Der Beschwerdegegner hat als Begründung für die Zulässigkeit der Übermittlung das Vorliegen von Amtshilfe ins Treffen geführt. „Amtshilfe“ setzt jedoch voraus, dass ein Ersuchen um Datenübermittlung gestellt wurde (vgl. hiezu z.B. Dohr-Pollirer-Weiss, Kommentar zum Datenschutzrecht, 2002, Anm. 13 zu § 8 DSG 2000). Da dies im vorliegenden Fall zweifellos nicht gegeben war, scheidet „Amtshilfe“ als Rechtsgrundlage der beschwerdegegenständlichen Datenübermittlung aus. Auch die Bezugnahme auf die Standardanwendung „SA029 Aktenverwaltung (Büroautomation)“ betreffend Datenverarbeitung zwecks Durchführung der Kanzleigeschäfte kann nicht als Rechtsgrundlage herangezogen werden, da der dort genannte Empfängerkreis „Personen und Einrichtungen, die im Rahmen der Geschäftstätigkeit zu befassen sind“ voraussetzt, dass die Befassung in gesetzeskonformer Weise festgelegt wurde.

bb) Zu prüfen ist daher, ob andere Rechtsvorschriften die Übermittlung der Ergebnisse der Hausdurchsuchung an die Dienstbehörde zu rechtfertigen vermögen:

Dem Beschwerdegegner war es offenbar nicht möglich, andere Rechtsgrundlagen für die Übermittlung der in Rede stehenden Daten an die Dienstbehörde ins Treffen zu führen als Amtshilfe oder die Standardanwendung SA029, die jedoch, wie dargelegt, beide im vorliegenden Fall nicht als taugliche Rechtsgrundlage anerkannt werden können. Der Datenschutzkommission sind ebenfalls keine anderen Rechtsvorschriften erkennbar, die die Rechtmäßigkeit der gegenständlichen Übermittlung bewirken könnten – auch § 8 Abs. 4 Z 2 DSG 2000 kommt schon deshalb nicht in Betracht, weil die Übermittlung der Daten ihrem Inhalt nach keine wesentliche Voraussetzung für die hier relevante Aufgabenbesorgung darstellte.

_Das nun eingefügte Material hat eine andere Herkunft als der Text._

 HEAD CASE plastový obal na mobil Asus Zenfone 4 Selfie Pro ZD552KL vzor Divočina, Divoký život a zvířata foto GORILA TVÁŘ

Die Weiterleitung der von der Beschwerde umfassten Daten an die Dienstbehörde war daher im vorliegenden Fall unzulässig, weshalb wie im Spruch zu entscheiden war.

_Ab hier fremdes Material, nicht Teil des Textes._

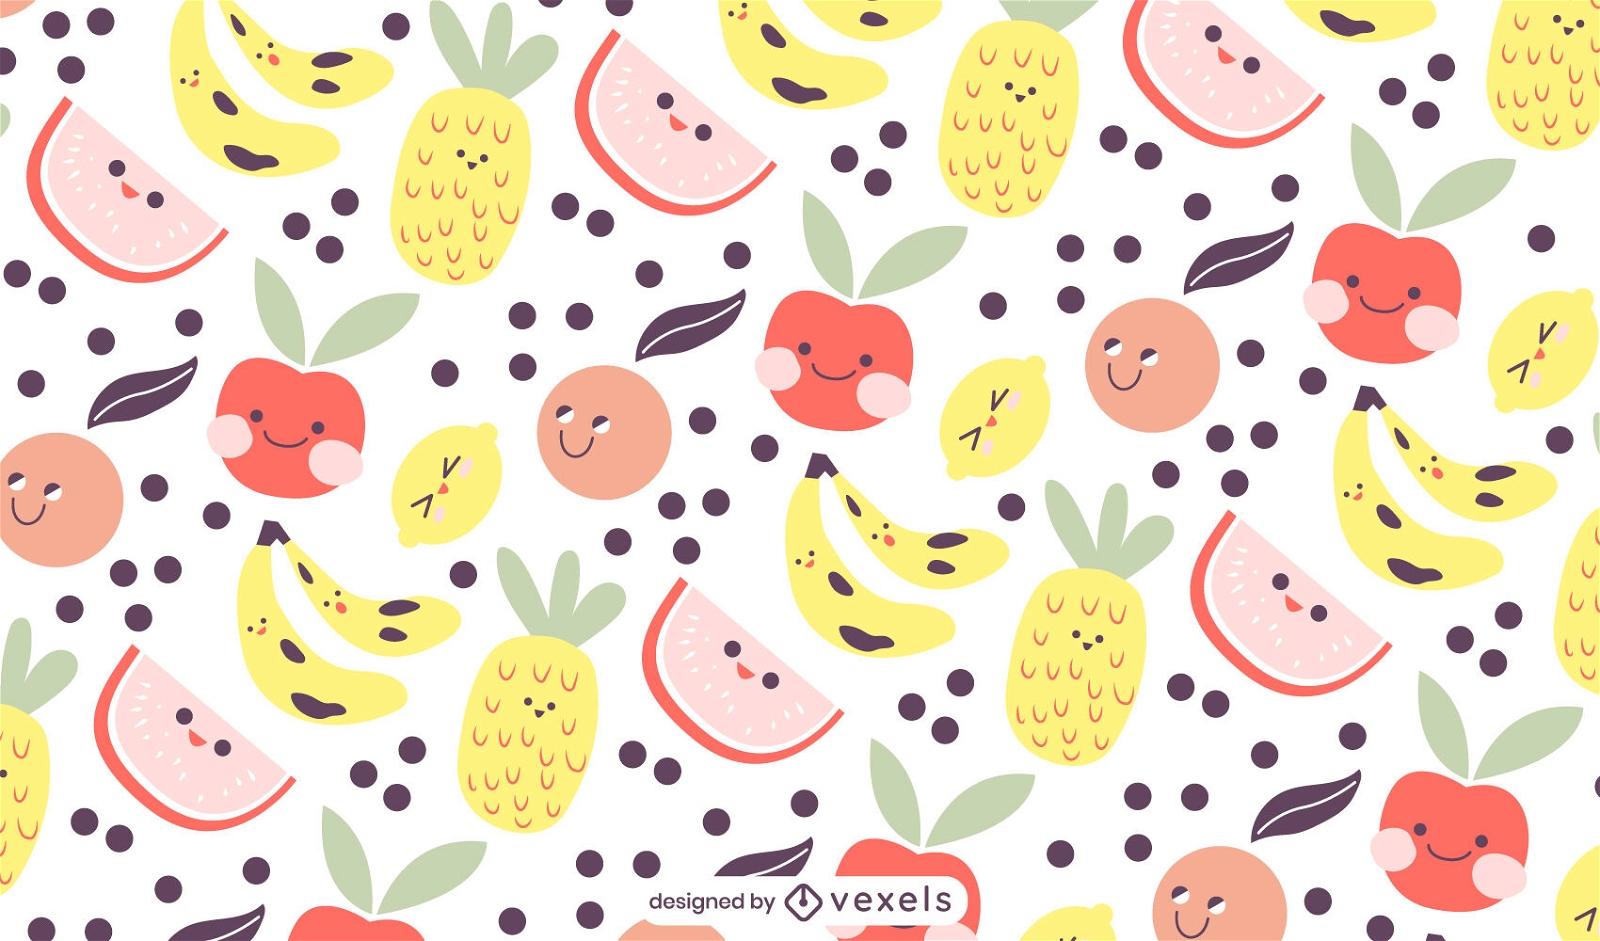 Diseño lindo del patrón de la comida sana de la fruta del bebé

Mit Beschluss vom 28. November 2006, Zl. 2006/06/0207, 0208-5, hat der VwGH die von der Bundesministerin für Inneres gegen diesen Bescheid erhobene Beschwerde mangels Berechtigung zu ihrer Erhebung zurückgewiesen .

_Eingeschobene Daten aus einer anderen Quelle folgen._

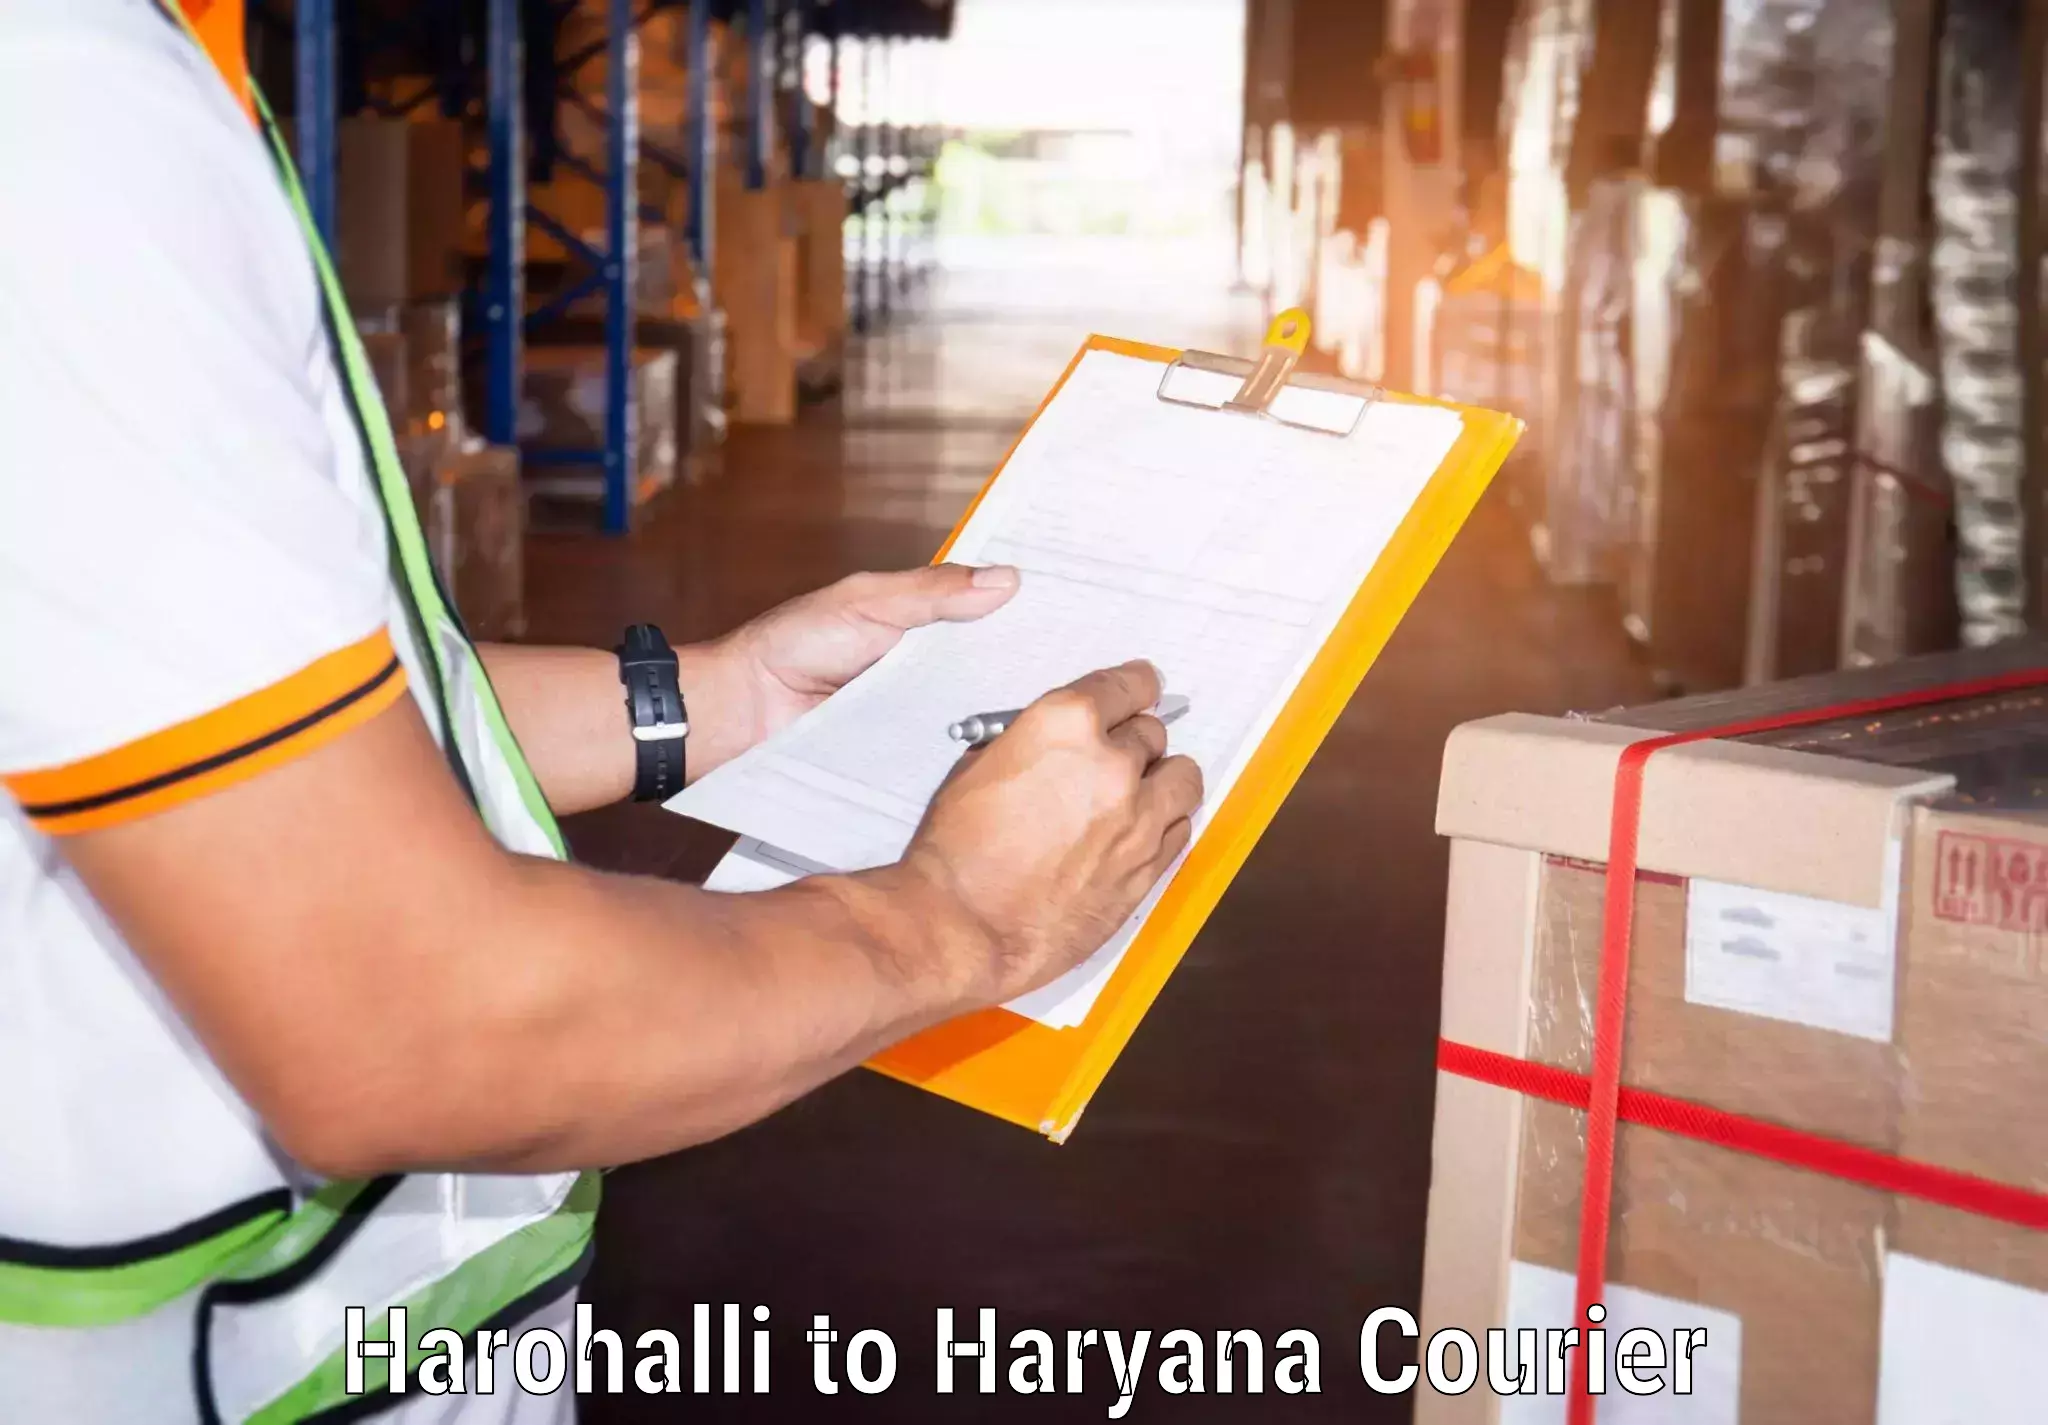 Enhanced tracking features Harohalli to Haryana

Inhaltlich verweist der VwGH in diesem Beschluss gemäß § 43 Abs. 2 und 8 VwGG lediglich auf die Entscheidungsgründe des Beschlusses vom selben Tag, Zl. 2006/06/0068 (siehe die Auszüge aus diesem Beschluss beim Bescheid der Datenschutzkommission vom 17. November 2006, GZ: K121.052/0002-DSK/2006, RIS).